### Input data
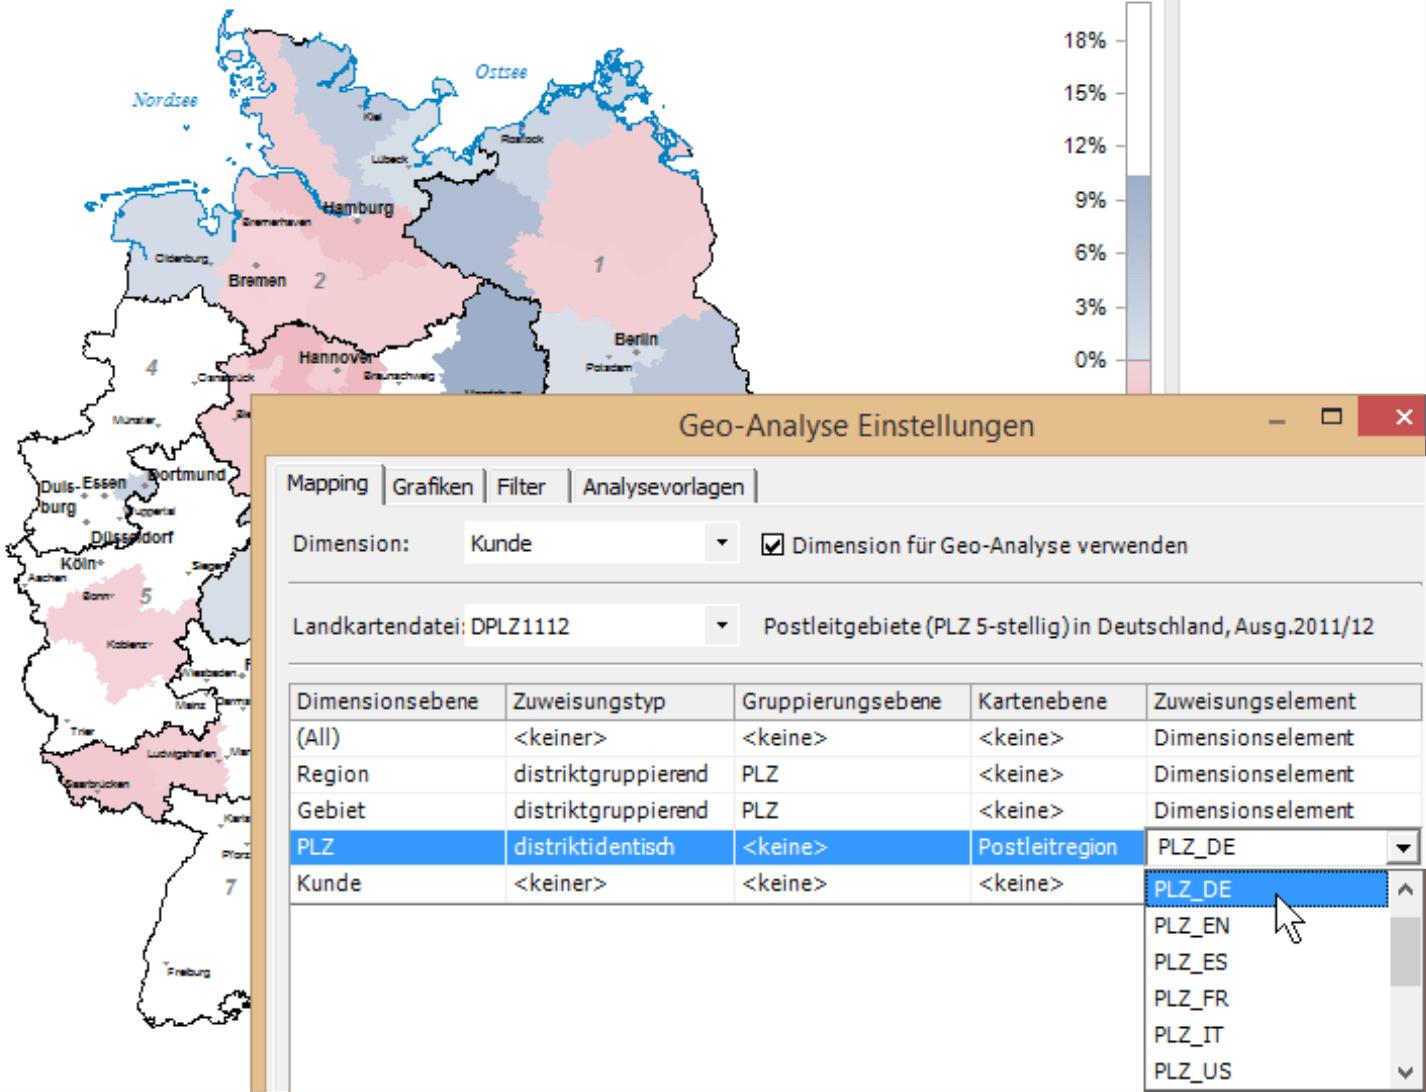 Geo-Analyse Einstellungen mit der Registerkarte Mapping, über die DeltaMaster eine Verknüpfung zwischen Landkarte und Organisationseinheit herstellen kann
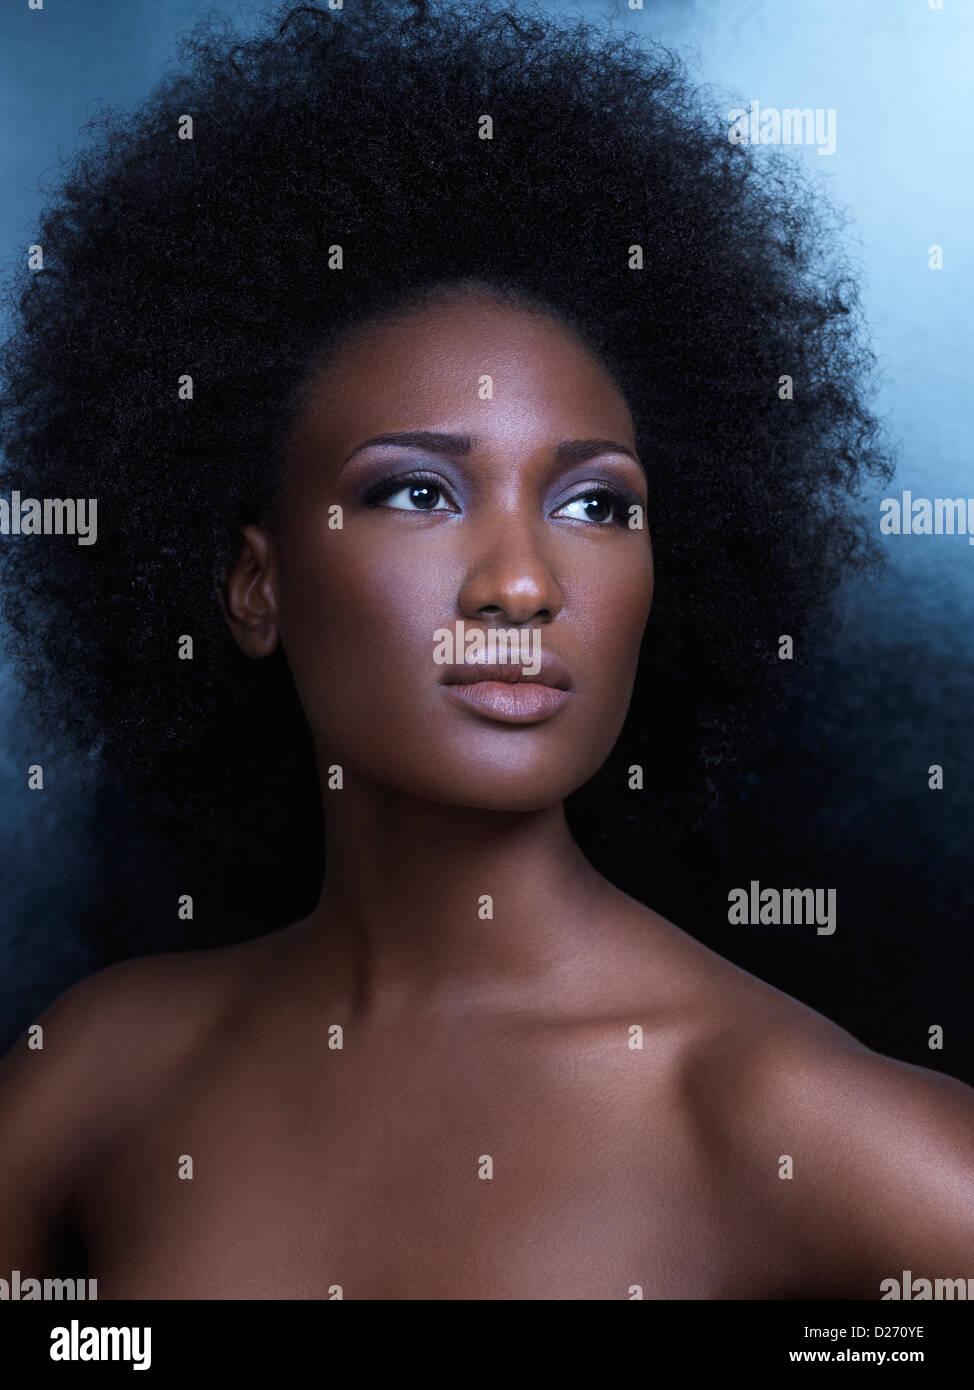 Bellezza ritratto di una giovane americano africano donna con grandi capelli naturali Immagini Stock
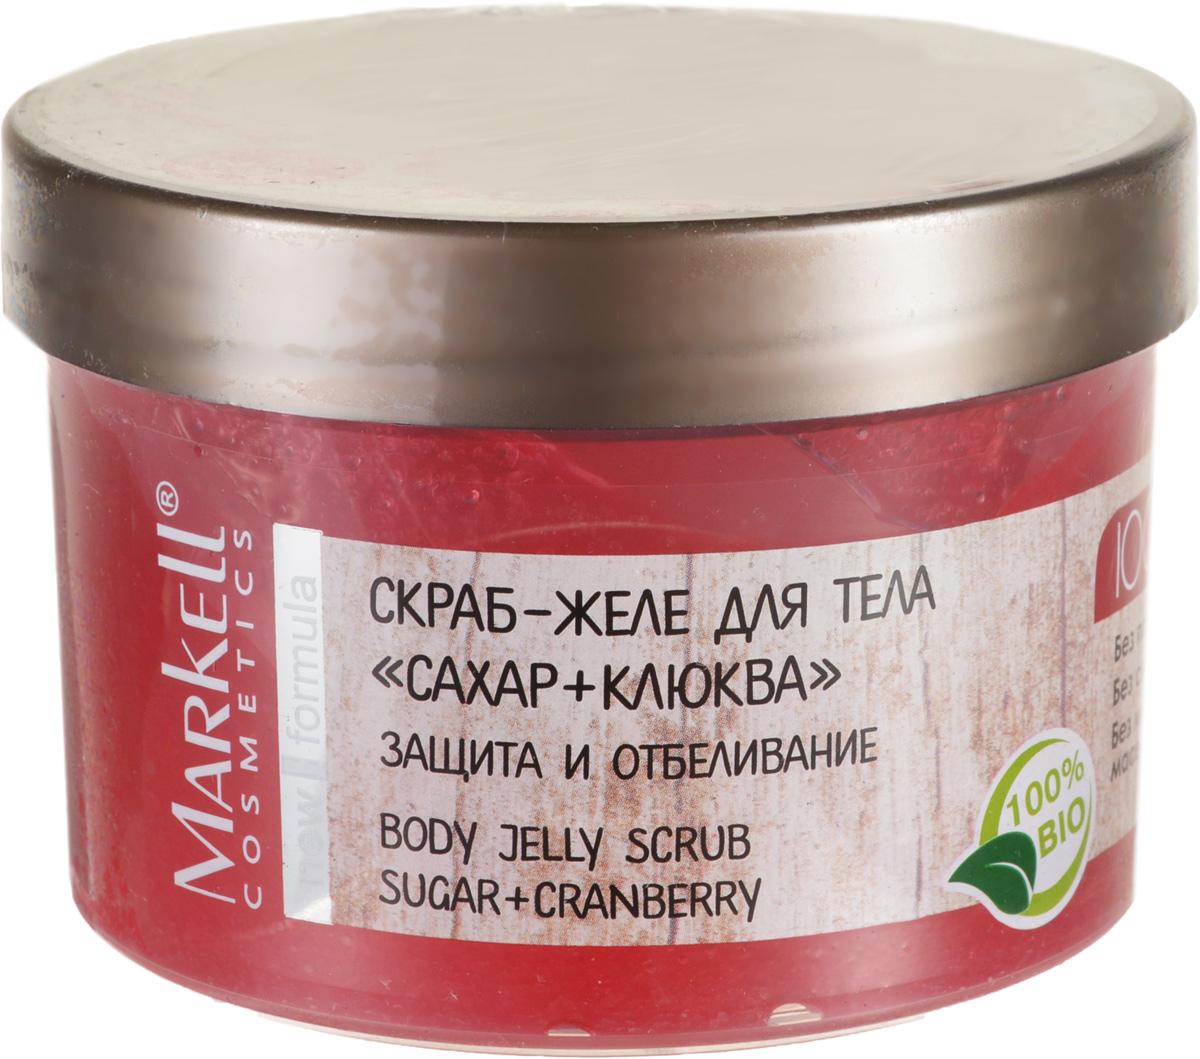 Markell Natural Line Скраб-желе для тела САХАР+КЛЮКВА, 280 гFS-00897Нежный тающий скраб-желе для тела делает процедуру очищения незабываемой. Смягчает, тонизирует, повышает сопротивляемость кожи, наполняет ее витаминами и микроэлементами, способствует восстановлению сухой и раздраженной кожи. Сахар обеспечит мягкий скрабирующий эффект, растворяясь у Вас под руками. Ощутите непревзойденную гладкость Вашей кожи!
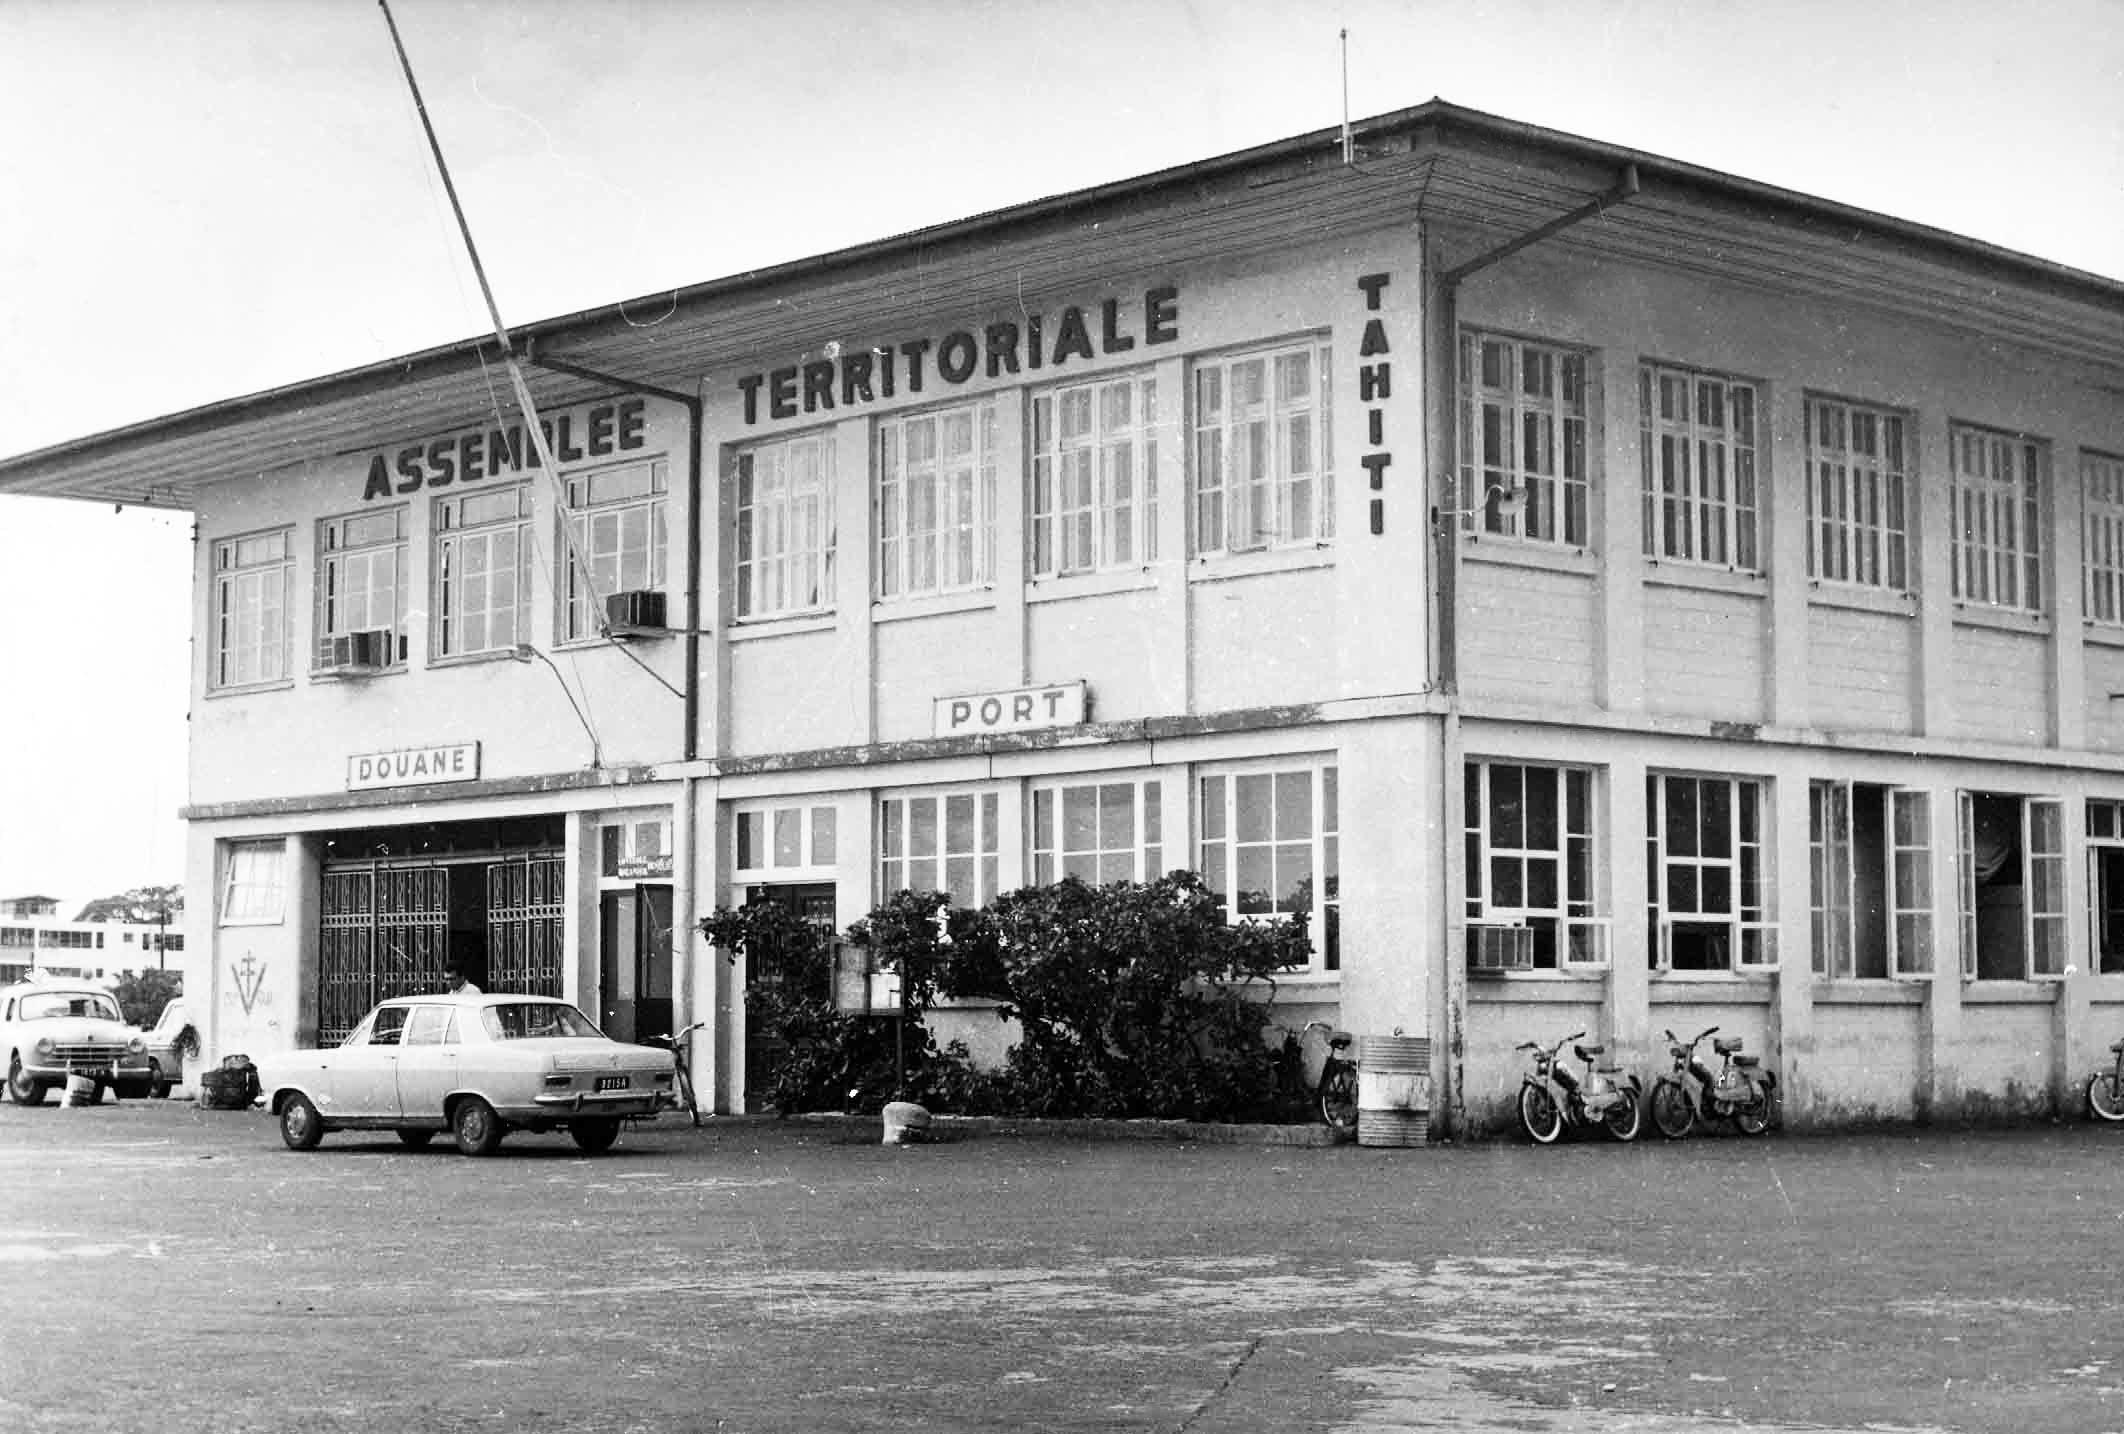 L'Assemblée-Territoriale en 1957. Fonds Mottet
######
● What you should do:
From the line that holds "Markell Natural Line" to the last line of the data, return those lines exactly and nothing else; both ends count, and pictures stay out.

● Written response:
 Markell Natural Line Скраб-желе для тела САХАР+КЛЮКВА, 280 гFS-00897Нежный тающий скраб-желе для тела делает процедуру очищения незабываемой. Смягчает, тонизирует, повышает сопротивляемость кожи, наполняет ее витаминами и микроэлементами, способствует восстановлению сухой и раздраженной кожи. Сахар обеспечит мягкий скрабирующий эффект, растворяясь у Вас под руками. Ощутите непревзойденную гладкость Вашей кожи!
 L'Assemblée-Territoriale en 1957. Fonds Mottet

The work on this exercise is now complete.